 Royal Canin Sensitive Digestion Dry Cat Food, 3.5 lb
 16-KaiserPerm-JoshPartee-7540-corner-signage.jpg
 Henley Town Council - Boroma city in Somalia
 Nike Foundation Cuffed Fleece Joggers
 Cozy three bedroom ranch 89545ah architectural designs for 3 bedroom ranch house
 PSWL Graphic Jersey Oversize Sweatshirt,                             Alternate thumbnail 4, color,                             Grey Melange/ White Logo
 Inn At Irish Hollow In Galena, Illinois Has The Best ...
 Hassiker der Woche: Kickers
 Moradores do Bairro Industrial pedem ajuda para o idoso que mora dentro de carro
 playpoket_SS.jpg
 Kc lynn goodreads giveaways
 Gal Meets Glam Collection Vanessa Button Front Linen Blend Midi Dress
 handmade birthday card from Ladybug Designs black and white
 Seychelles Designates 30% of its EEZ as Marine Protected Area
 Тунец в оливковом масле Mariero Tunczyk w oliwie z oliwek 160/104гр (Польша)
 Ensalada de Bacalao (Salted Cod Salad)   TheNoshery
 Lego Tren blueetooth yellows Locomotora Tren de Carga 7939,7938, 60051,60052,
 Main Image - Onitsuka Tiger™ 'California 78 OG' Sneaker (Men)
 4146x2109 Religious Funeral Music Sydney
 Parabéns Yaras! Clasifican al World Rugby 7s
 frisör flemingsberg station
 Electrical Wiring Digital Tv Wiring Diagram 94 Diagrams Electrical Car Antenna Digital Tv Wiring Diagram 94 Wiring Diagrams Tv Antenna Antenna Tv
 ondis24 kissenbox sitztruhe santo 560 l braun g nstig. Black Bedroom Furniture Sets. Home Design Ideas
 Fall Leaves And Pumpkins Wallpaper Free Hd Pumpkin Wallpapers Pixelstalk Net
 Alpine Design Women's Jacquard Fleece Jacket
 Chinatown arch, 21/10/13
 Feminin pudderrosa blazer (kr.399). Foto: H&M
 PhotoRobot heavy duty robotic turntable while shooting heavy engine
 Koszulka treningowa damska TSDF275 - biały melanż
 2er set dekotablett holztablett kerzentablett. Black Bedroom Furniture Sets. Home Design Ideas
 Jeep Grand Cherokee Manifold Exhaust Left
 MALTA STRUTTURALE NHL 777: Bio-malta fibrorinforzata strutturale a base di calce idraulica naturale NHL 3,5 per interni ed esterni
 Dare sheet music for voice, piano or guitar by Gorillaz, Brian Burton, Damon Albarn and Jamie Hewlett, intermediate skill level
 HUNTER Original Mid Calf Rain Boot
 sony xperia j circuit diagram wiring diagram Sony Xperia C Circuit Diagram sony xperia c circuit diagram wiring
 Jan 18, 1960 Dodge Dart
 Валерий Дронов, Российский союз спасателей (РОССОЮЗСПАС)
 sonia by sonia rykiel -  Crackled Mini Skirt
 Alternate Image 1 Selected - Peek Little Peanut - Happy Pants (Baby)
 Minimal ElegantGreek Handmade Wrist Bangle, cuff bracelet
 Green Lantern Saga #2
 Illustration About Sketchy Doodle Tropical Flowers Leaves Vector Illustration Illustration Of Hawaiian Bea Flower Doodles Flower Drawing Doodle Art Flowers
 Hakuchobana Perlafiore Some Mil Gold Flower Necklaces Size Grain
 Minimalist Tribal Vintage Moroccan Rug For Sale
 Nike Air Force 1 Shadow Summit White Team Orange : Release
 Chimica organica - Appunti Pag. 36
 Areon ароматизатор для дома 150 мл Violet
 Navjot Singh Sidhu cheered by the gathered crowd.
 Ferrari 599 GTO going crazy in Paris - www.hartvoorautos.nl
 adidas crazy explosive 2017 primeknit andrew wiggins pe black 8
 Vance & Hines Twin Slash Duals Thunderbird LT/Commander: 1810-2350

--- Your assignment ---
Your task is to restate, word for word, only those lines above that fall between the line holding "Валерий Дронов, Российский" and the line holding "Areon ароматизатор для дома 150 мл Violet", inclusive.

--- Answer area ---
 Валерий Дронов, Российский союз спасателей (РОССОЮЗСПАС)
 sonia by sonia rykiel -  Crackled Mini Skirt
 Alternate Image 1 Selected - Peek Little Peanut - Happy Pants (Baby)
 Minimal ElegantGreek Handmade Wrist Bangle, cuff bracelet
 Green Lantern Saga #2
 Illustration About Sketchy Doodle Tropical Flowers Leaves Vector Illustration Illustration Of Hawaiian Bea Flower Doodles Flower Drawing Doodle Art Flowers
 Hakuchobana Perlafiore Some Mil Gold Flower Necklaces Size Grain
 Minimalist Tribal Vintage Moroccan Rug For Sale
 Nike Air Force 1 Shadow Summit White Team Orange : Release
 Chimica organica - Appunti Pag. 36
 Areon ароматизатор для дома 150 мл Violet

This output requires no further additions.